───── Data extract ─────

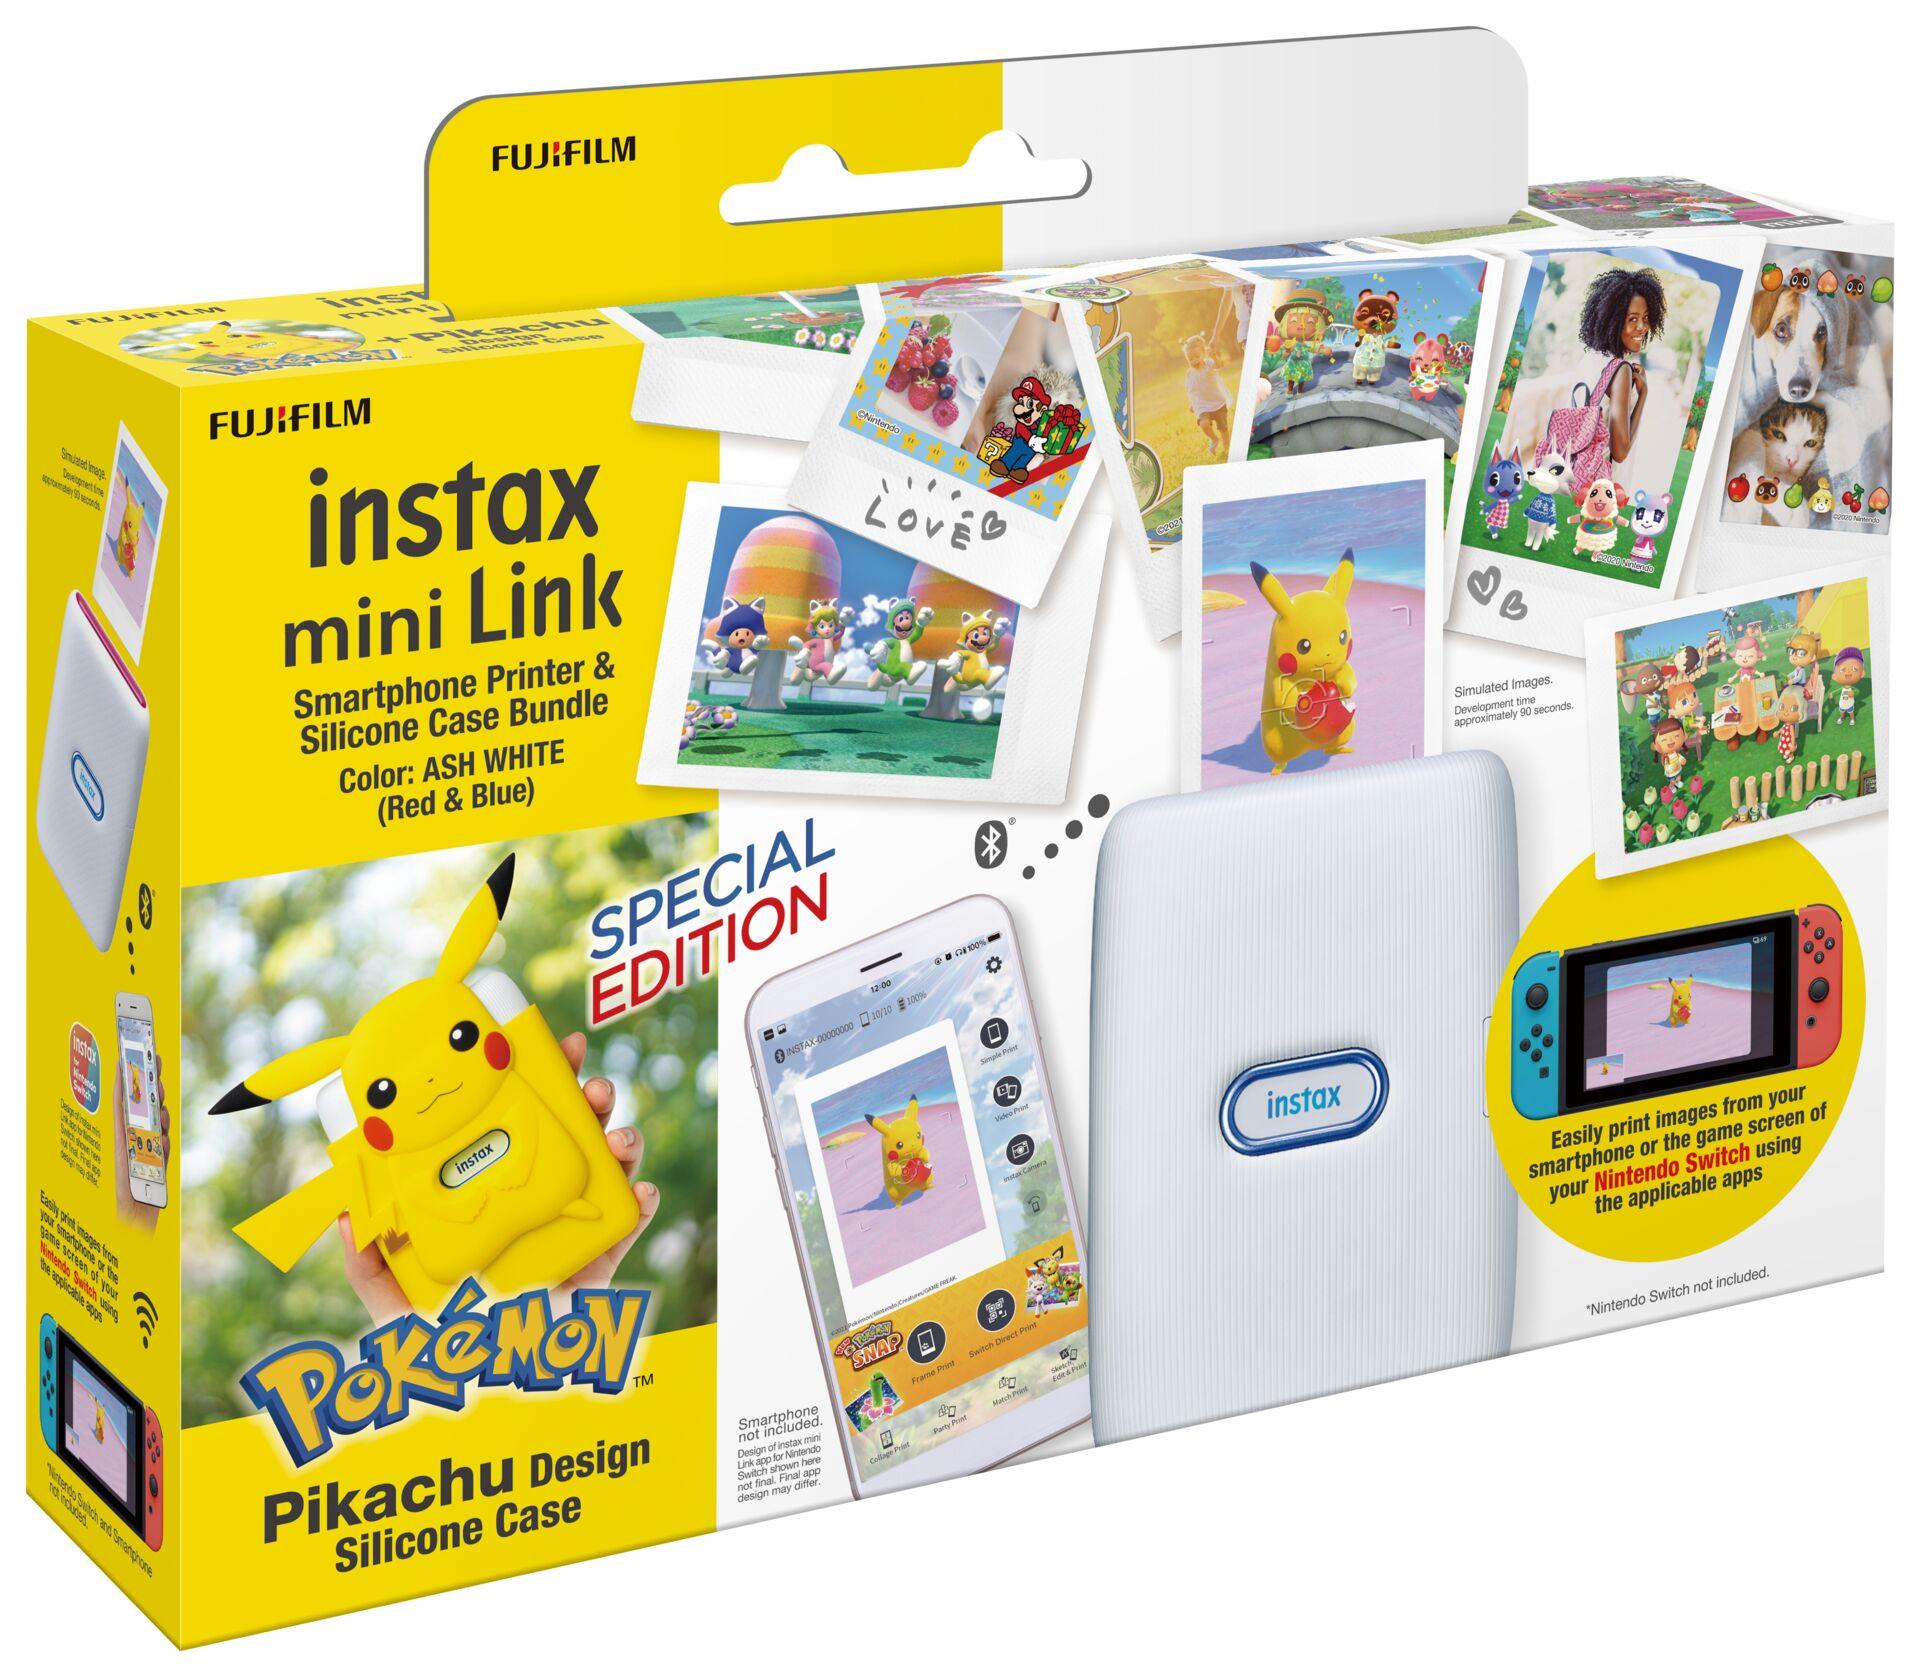 mini link SE Nintendo case package
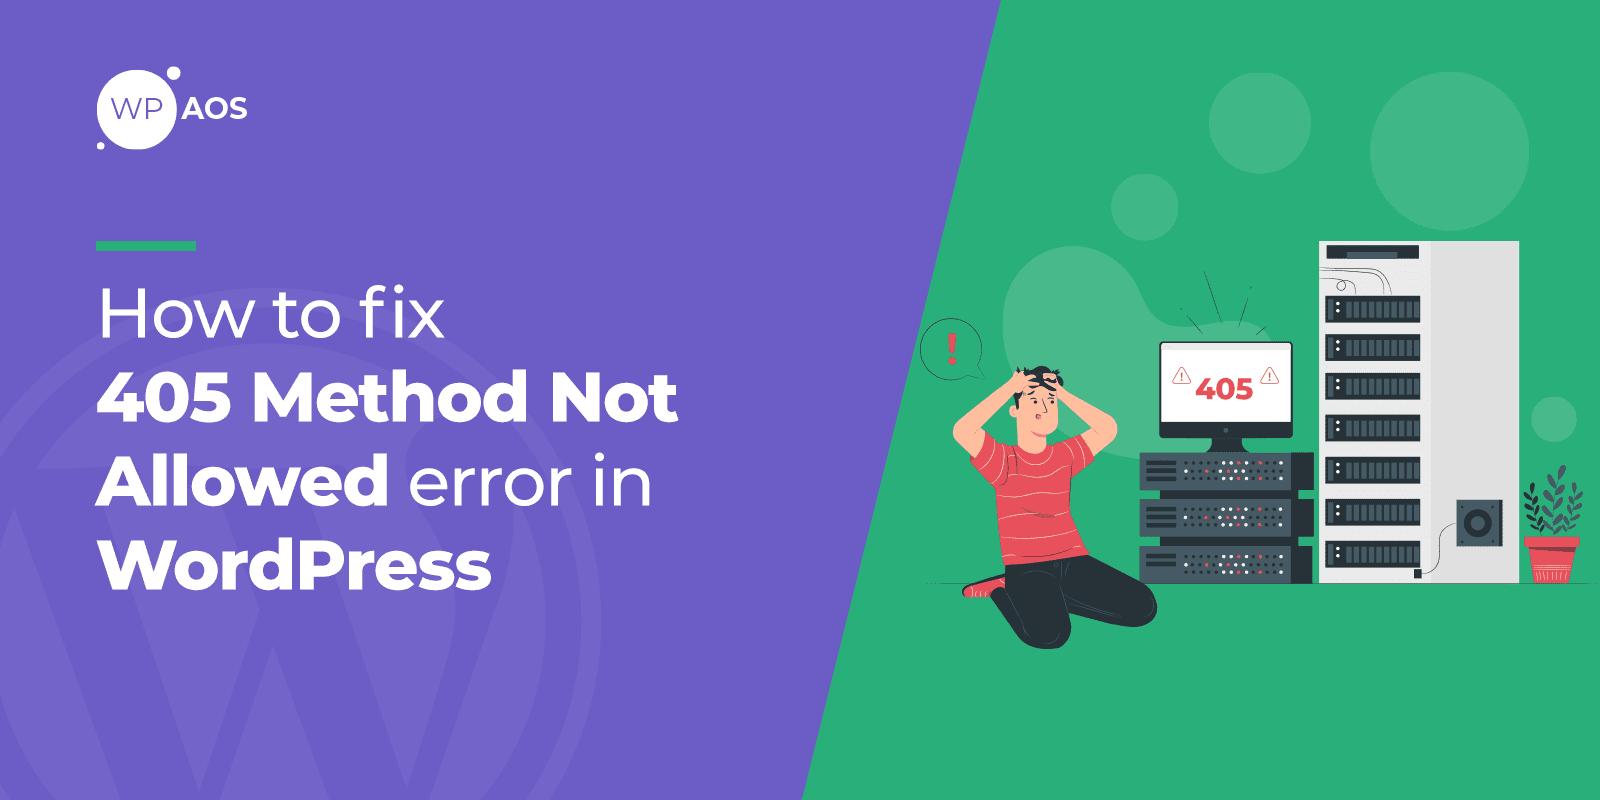 405 error, method not allowed, wordpress maintenance, wpaos
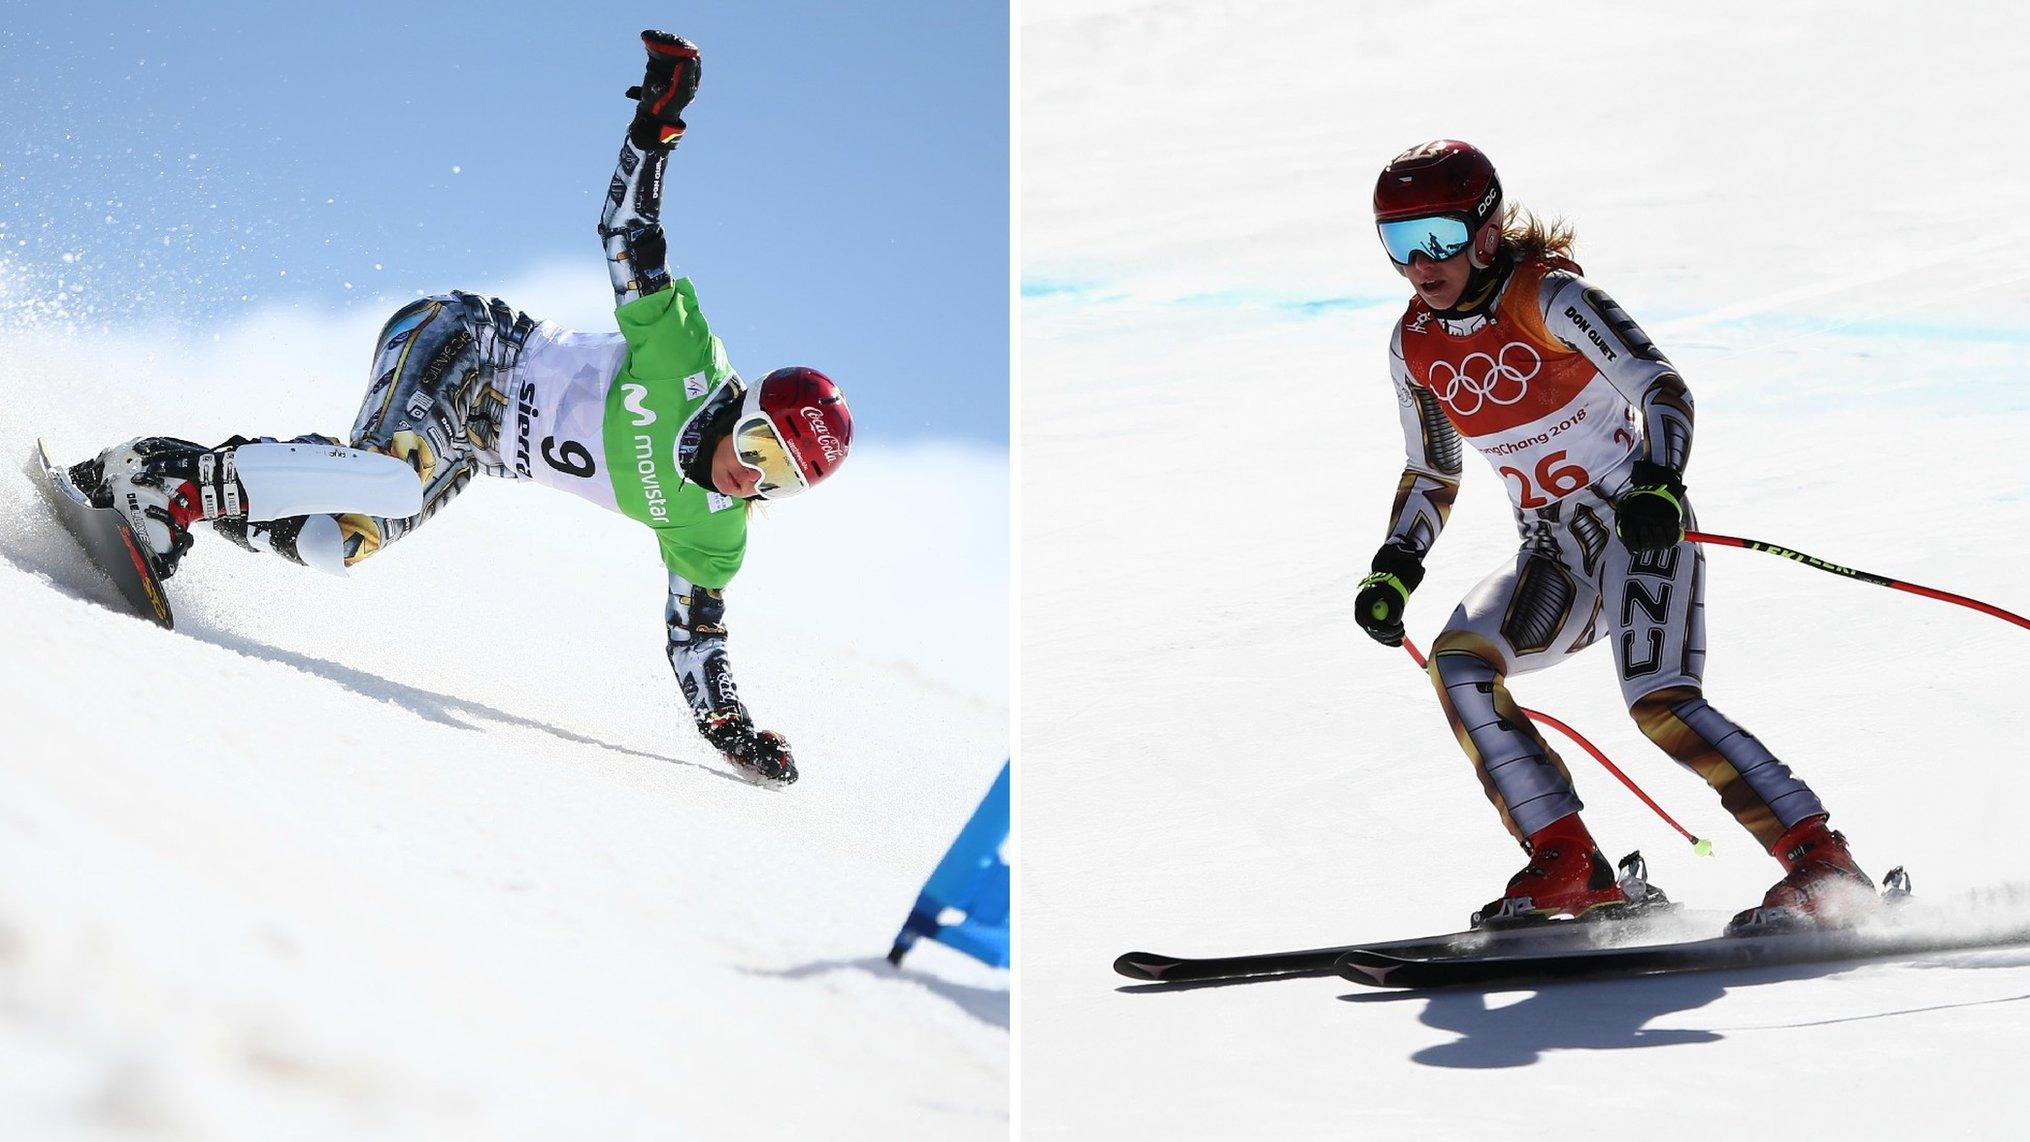 Winter Olympics: Ester Ledecka - the snowboarder who won gold on borrowed skis
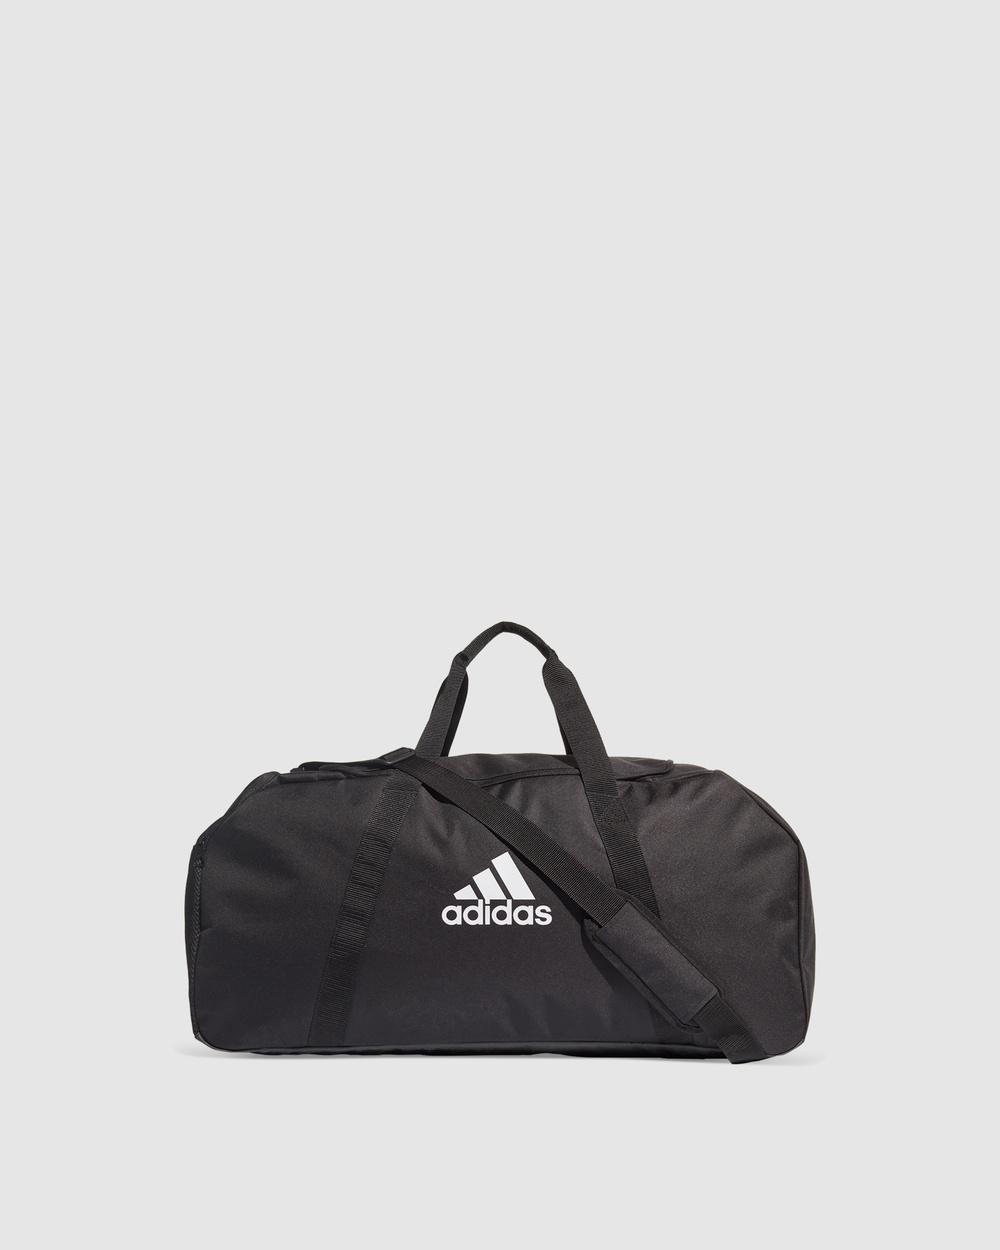 adidas Performance Tiro Primegreen Duffel Bag Large Bags Black

─────

**Goal of the exercise:**
Take the listing above and print it exactly, apart from the pictures.

**Task output:**
 mini link SE Nintendo case package
 405 error, method not allowed, wordpress maintenance, wpaos
 Winter Olympics: Ester Ledecka - the snowboarder who won gold on borrowed skis
 adidas Performance Tiro Primegreen Duffel Bag Large Bags Black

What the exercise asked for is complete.